PRETTY JANE AND THE VIPER OF KIDBROOKE LANE

A True Story of Victorian Law and Disorder: The First Unsolved Murder of the Victorian Age

by Paul Thomas Murphy

Pub Date: April 11th, 2016
ISBN: 978-1-60598-982-2
Publisher: Pegasus

Murphy (Interdisciplinary Writing/Univ. of Colorado; Shooting Victoria: Madness, Mayhem, and the Rebirth of the British Monarchy, 2013) exposes the inequities of British justice in the 1871 case of Jane Clouson, who was “found attacked and horribly disfigured on a quiet country lane outside of Greenwich.”

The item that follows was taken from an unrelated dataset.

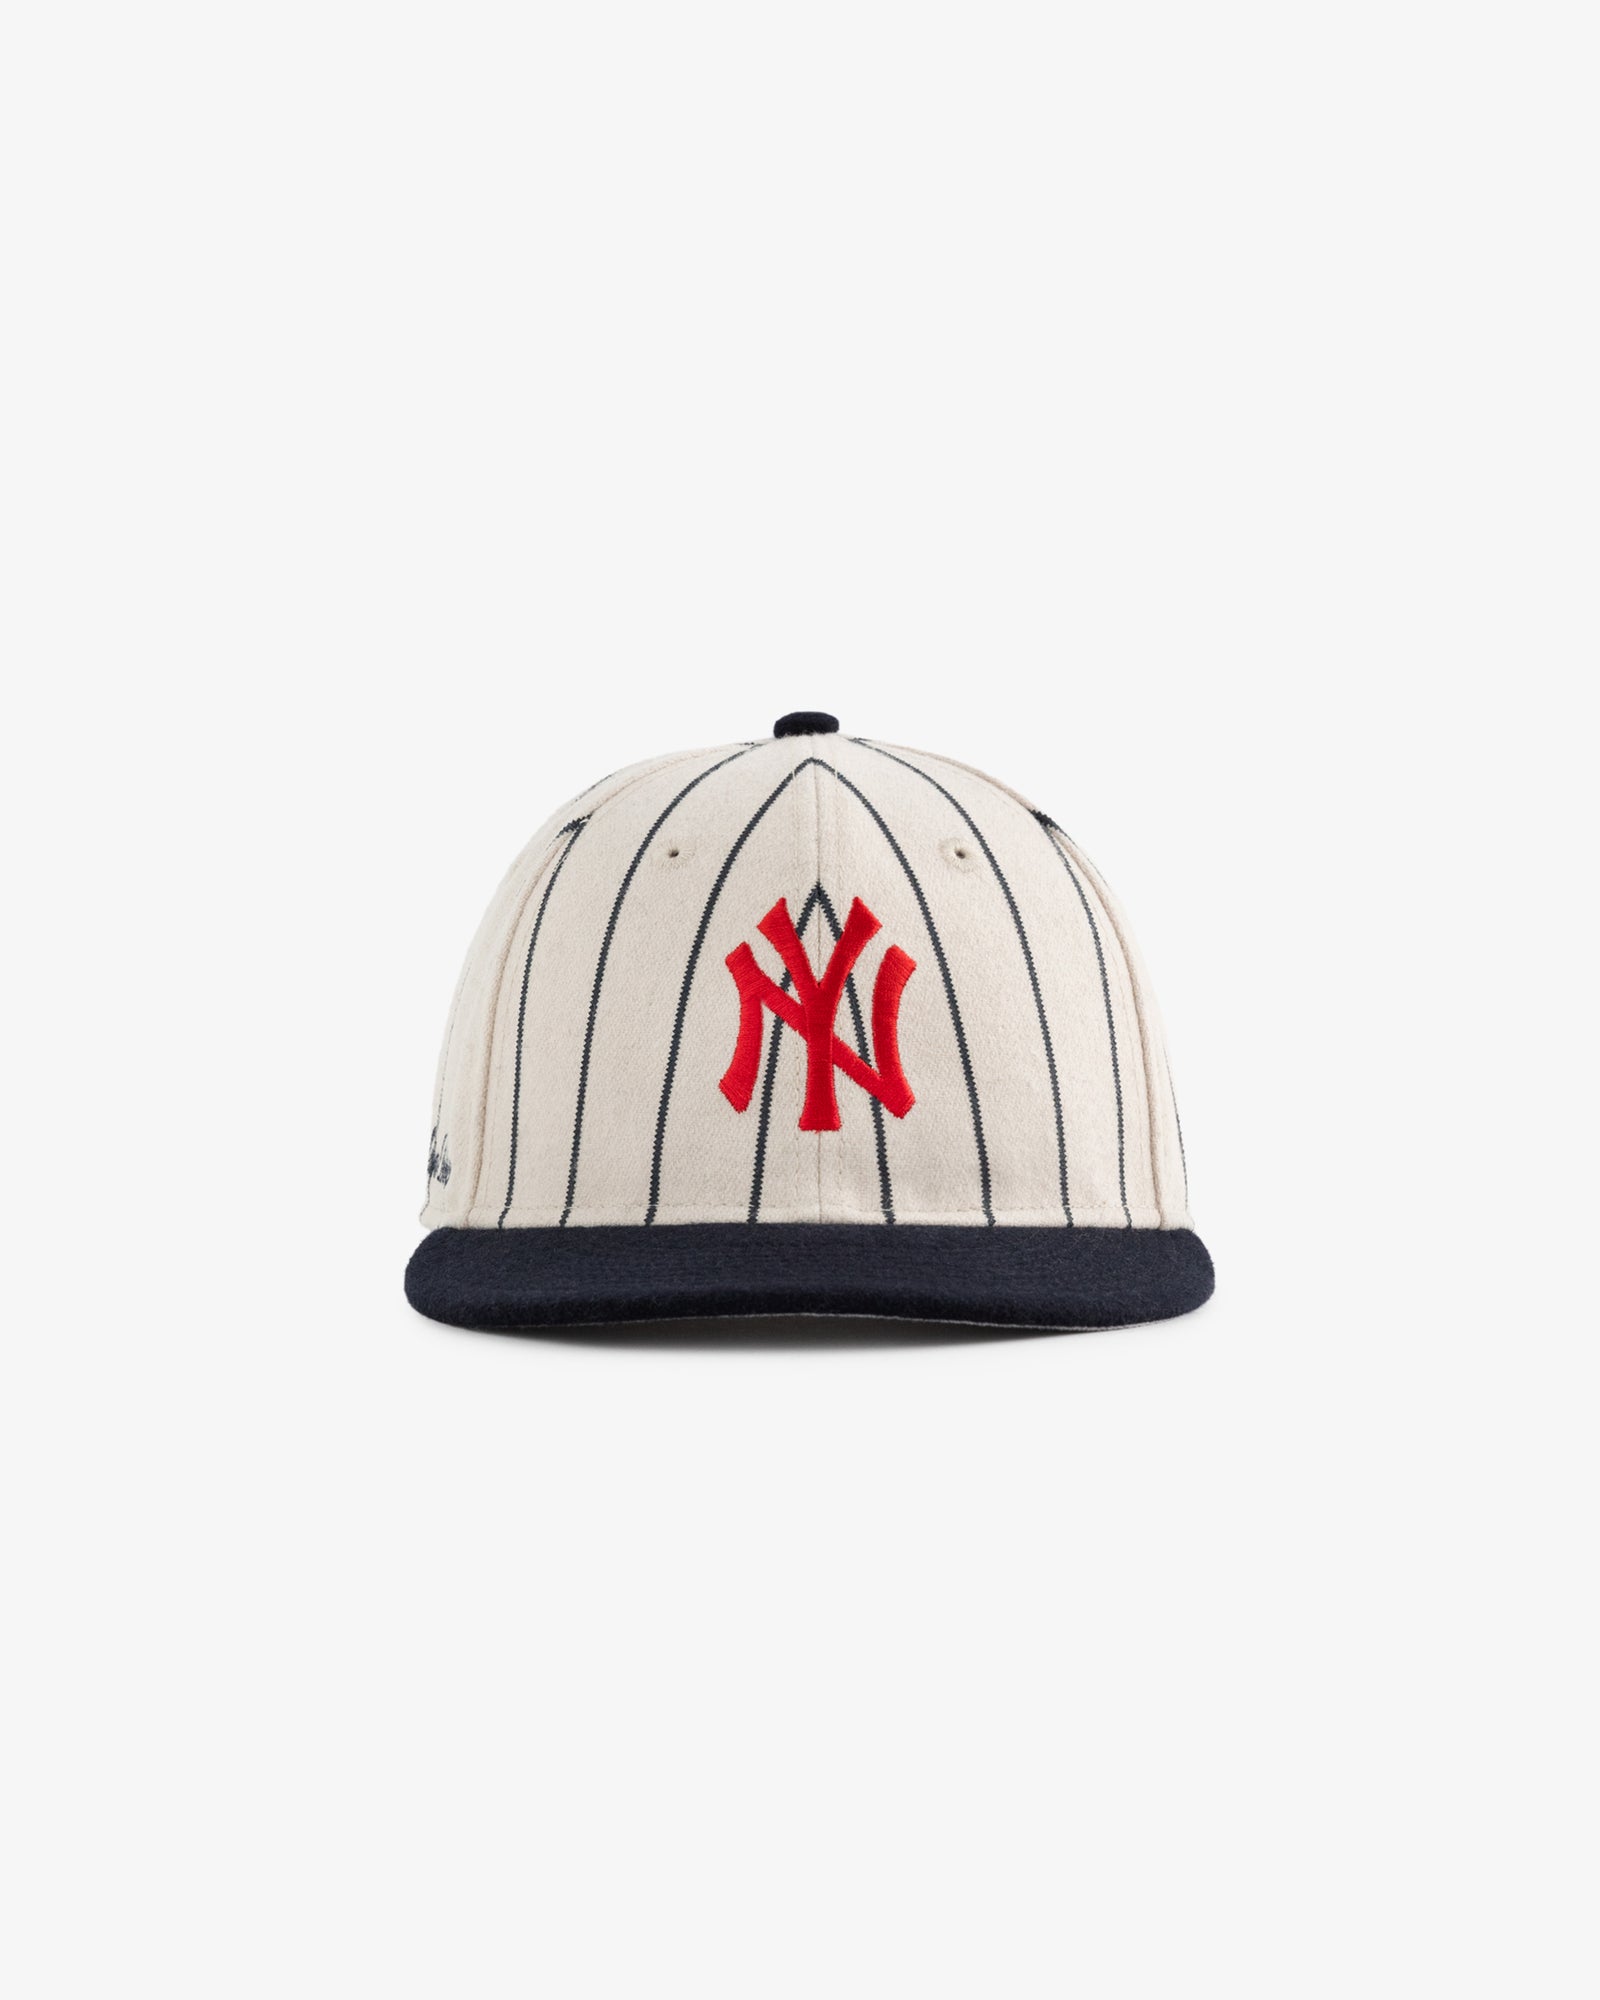 ALD New Era Wool Yankees Hat Cream-

Using a hammer, the culprit struck the teenage victim up to 15 times, crushing her skull and brutalizing her face. The author outlines an intriguing story of police who were overly sure of the man they arrested for the murder. After the girl, two months’ pregnant, was identified by her family, the investigation led to the home of Ebenezer Pook, where she had been employed as a maid. Satisfied that Pook’s son, Edmund, was the guilty party, despite his uncanny calmness and denial, the police arrested him. However, they made a number of mistakes, jumping the gun and neglecting to give the customary caution against self-incrimination. Edmund consistently denied anything to do with that “dirty girl,” and his imperturbability continued through hearings in front of the magistrate at Greenwich, the inquest, and his trial. At the trial, Judge William Bovill, who seemed to be clearly in favor of the defendant, refused the admission of what was termed “hearsay.” That evidence—plus Jane’s statements to two people naming the baby’s father and claiming she was planning to go away with him on the day of the murder—could have completed the case. The defendant’s clothing was spotted with blood, though it could only be identified as mammalian. The author’s strong knowledge of Victorian culture helps him clearly describe the class conflict this case aroused. The trial and its aftermath demonstrate how class differences doomed those at the lower end.

Victorian murder mysteries are usually entertaining. Even without a Sherlock, this highly readable story still shows the cleverness of the police and the frustrations of prosecutors.